Amazon is investigating how an Echo recorded a conversation and sent that to another person, after one Portland couple claims the smart speaker eavesdropped on their discussion. The incident, which Amazon has described as “an extremely rare occurrence,” is likely to reignite concerns around privacy, the Internet of Things, and increasingly connected devices.
The smart speaker owner says that she received a call from an employee of her husband in Seattle, telling them that he’d received audio files of recordings from inside the house. “We unplugged all of them and he proceeded to tell us that he had received audio files of recordings from inside our house,” she told KIRO 7. “At first, my husband was, like, ‘no you didn’t!’ And the (recipient of the message) said ‘You sat there talking about hardwood floors.’ And we said, ‘oh gosh, you really did hear us.'”
The person who received the files was one of the existing contacts Alexa can use to place voice calls via an Echo speaker. Those calls are optional, and the communications feature must first be enabled through the Alexa app. Amazon also offers a Drop-In feature, which optionally allows certain approved contacts to make an automatic connection – either solely voice or, if to an Echo with a screen and camera, video too – and begin chatting immediately.
When the Echo owner contacted Amazon, she says, an engineer apparently confirmed the issue from their account logs. However, he did not explain specifically how the situation had come about. “He told us that the device just guessed what we were saying,” the owner claims, presumably referring to Alexa’s ability to send a voice recording message to another user.
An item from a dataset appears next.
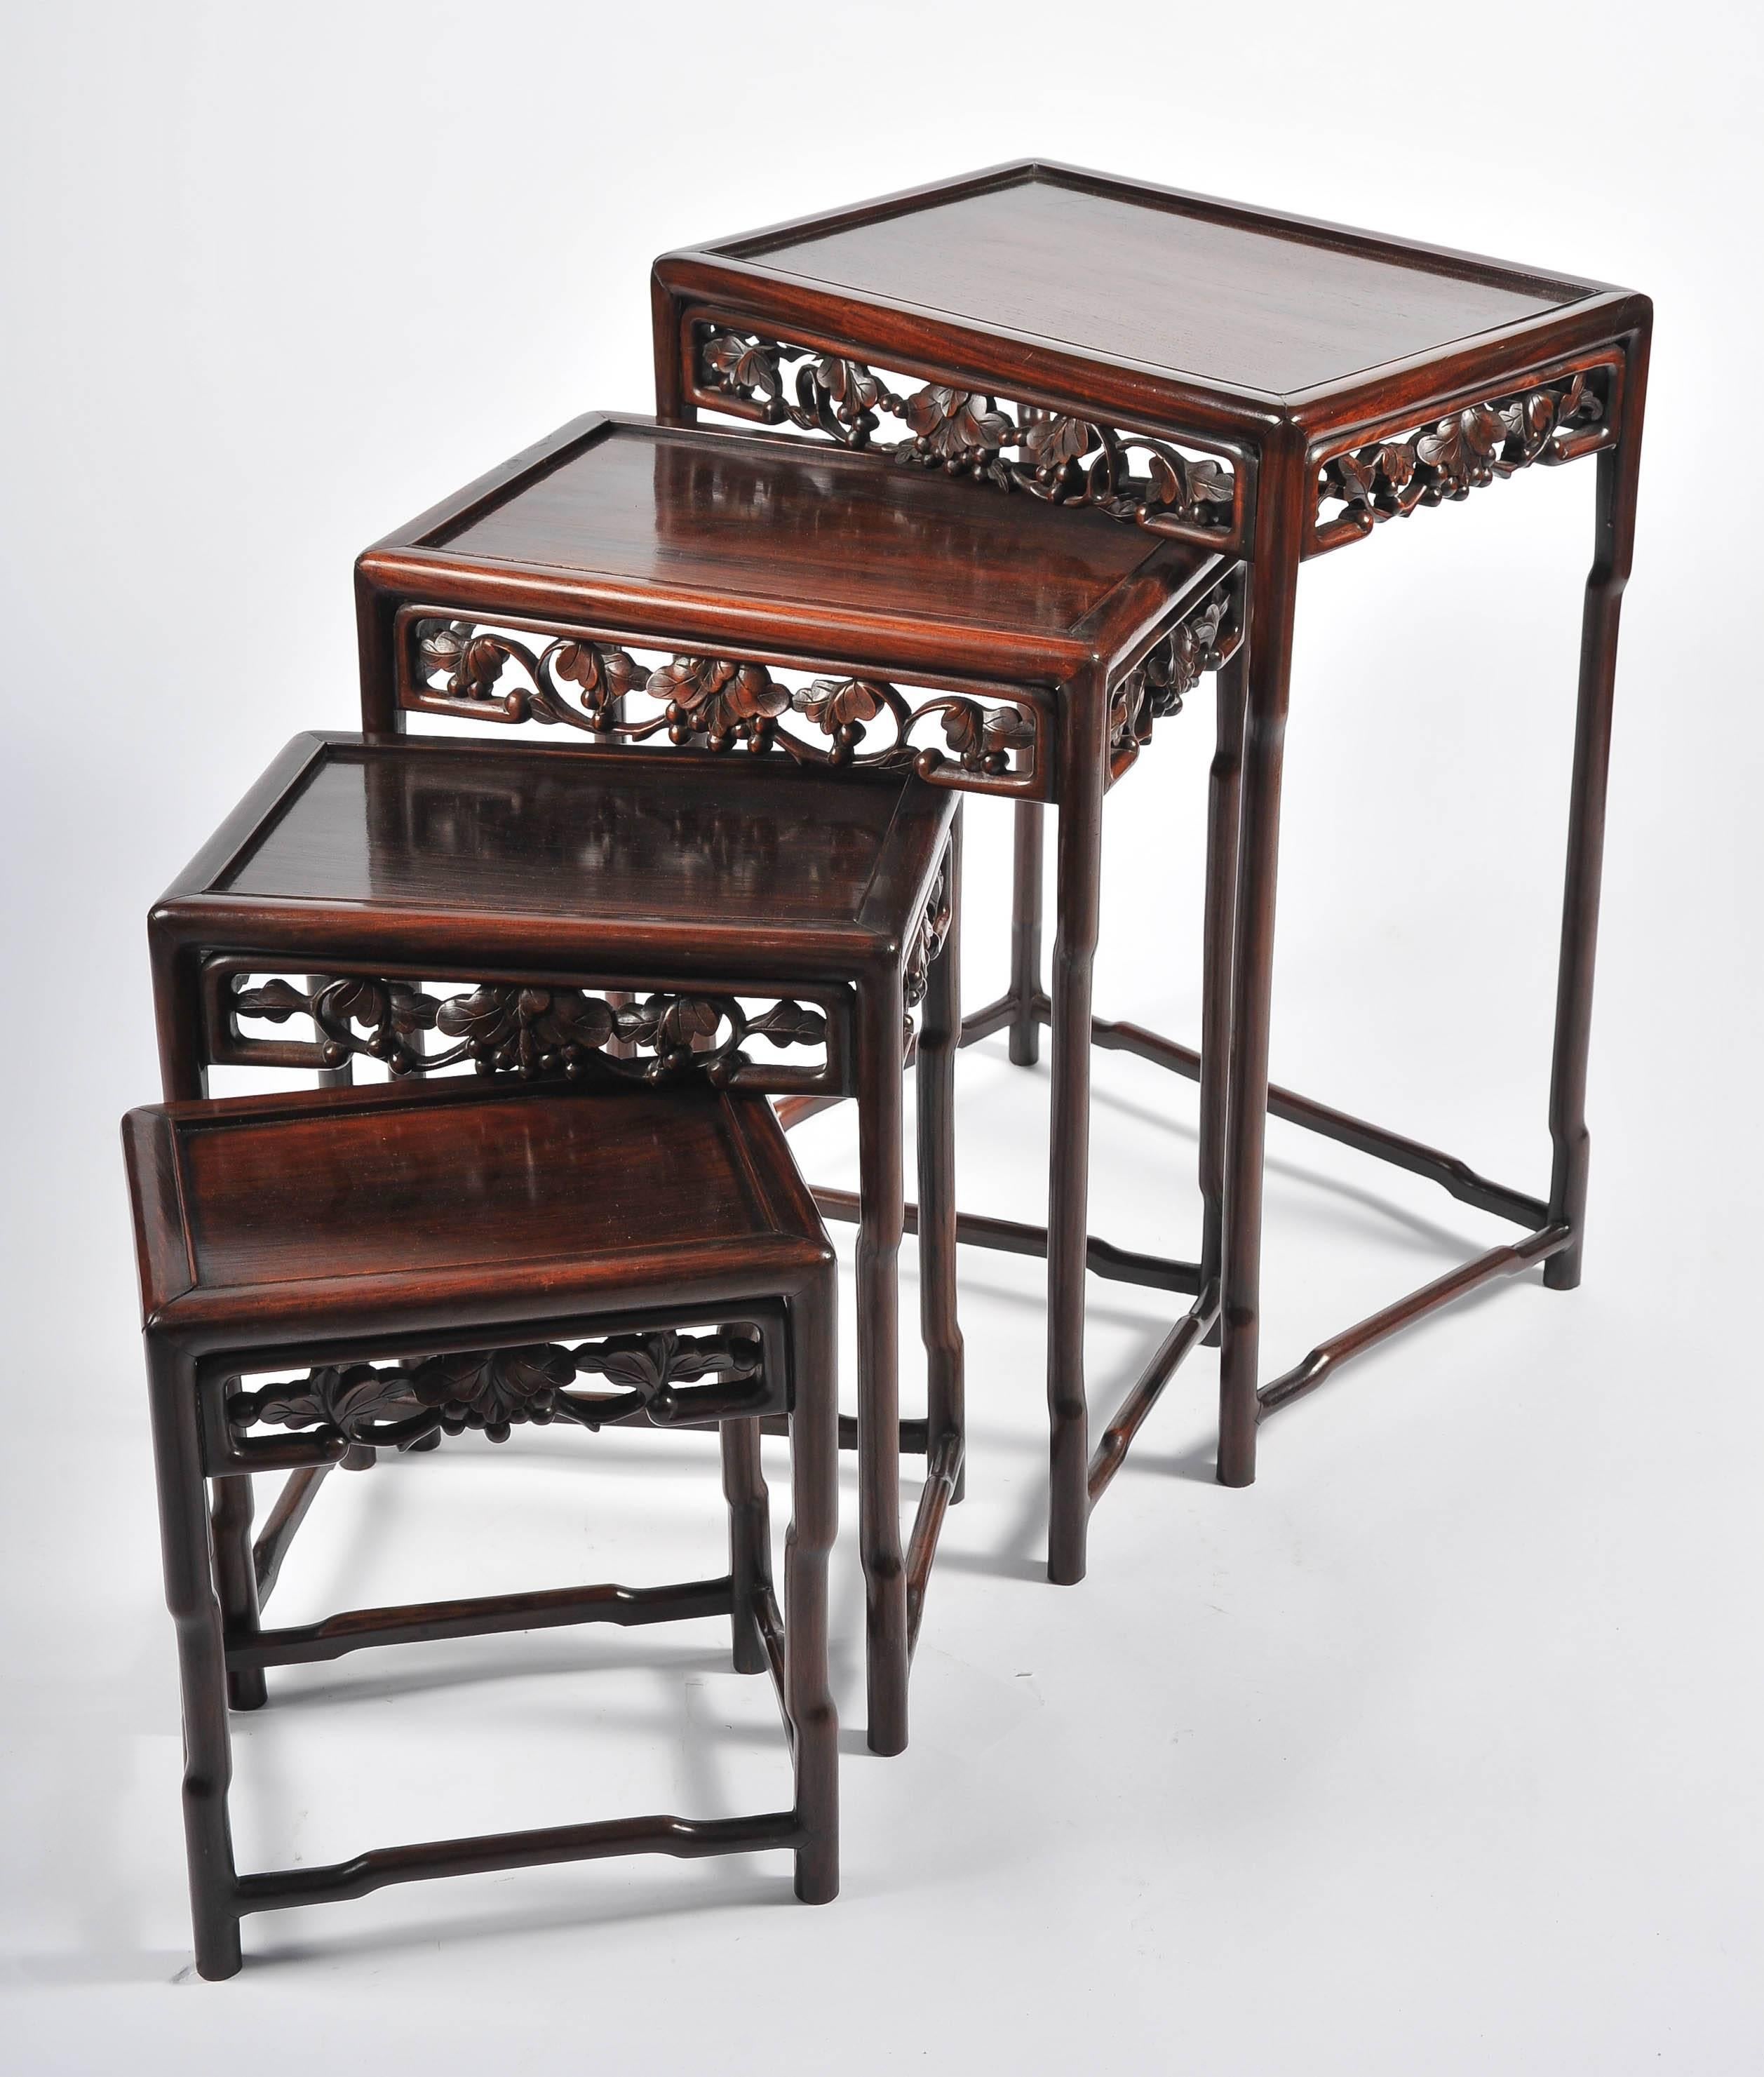 Un ensemble de quatre tables chinoises en bois dur de bonne qualité, datant du 19e siècle. La frise est ornée d'un décor de feuillage sculpté.

The company, meanwhile, confirmed the incident though is yet to give any further details. “Amazon takes privacy very seriously,” a spokesperson said in a statement. “We investigated what happened and determined this was an extremely rare occurrence. We are taking steps to avoid this from happening in the future.”
Echo Voice Messages were added to the speaker a little over a year ago, as a subset of the calling feature. The system is meant to be triggered by saying “Alexa, message Dad,” or whichever contact name is wanted, after which point the speaker prompts the user to first confirm the contact and then say their message. Voice messages can be sent to other Echo speakers, or to the Alexa smartphone app.
The dangers of bring an always-on microphone into the home have been a common concern since smart speakers like Amazon Echo first debuted, and something Amazon and others have pushed back against repeatedly. Although the microphones might constantly be listening out for the wake word – by default “Alexa,” though that is customizable – the retailer insists that the devices aren’t constantly streaming to the cloud.
“Amazon Echo, Echo Plus, and Echo Dot use on-device keyword spotting to detect the wake word,” Amazon explains. “When these devices detect the wake word, they stream audio to the Cloud, including a fraction of a second of audio before the wake word.” That extra snippet of audio is used to further understand the context of the command being issued.
Those commands, and the audio related to them, are logged in the Alexa app. Indeed, Amazon allows users to submit feedback on the accuracy of the assistant’s understanding: if the AI doesn’t recognize what you actually said, you can submit the recording as part of a report, which Amazon says will help better tune the system over time. It’s also possible to delete those recording logs.
Update: In a statement, Amazon has blamed an unusual conflation of errors – including Alexa mistakenly hearing her wake word – for the issue:
“Echo woke up due to a word in background conversation sounding like “Alexa.” Then, the subsequent conversation was heard as a “send message” request. At which point, Alexa said out loud “To whom?” At which point, the background conversation was interpreted as a name in the customer’s contact list. Alexa then asked out loud, “[contact name], right?” Alexa then interpreted background conversation as “right.” As unlike as this string of events is, we are evaluating options to make this case even less likely.”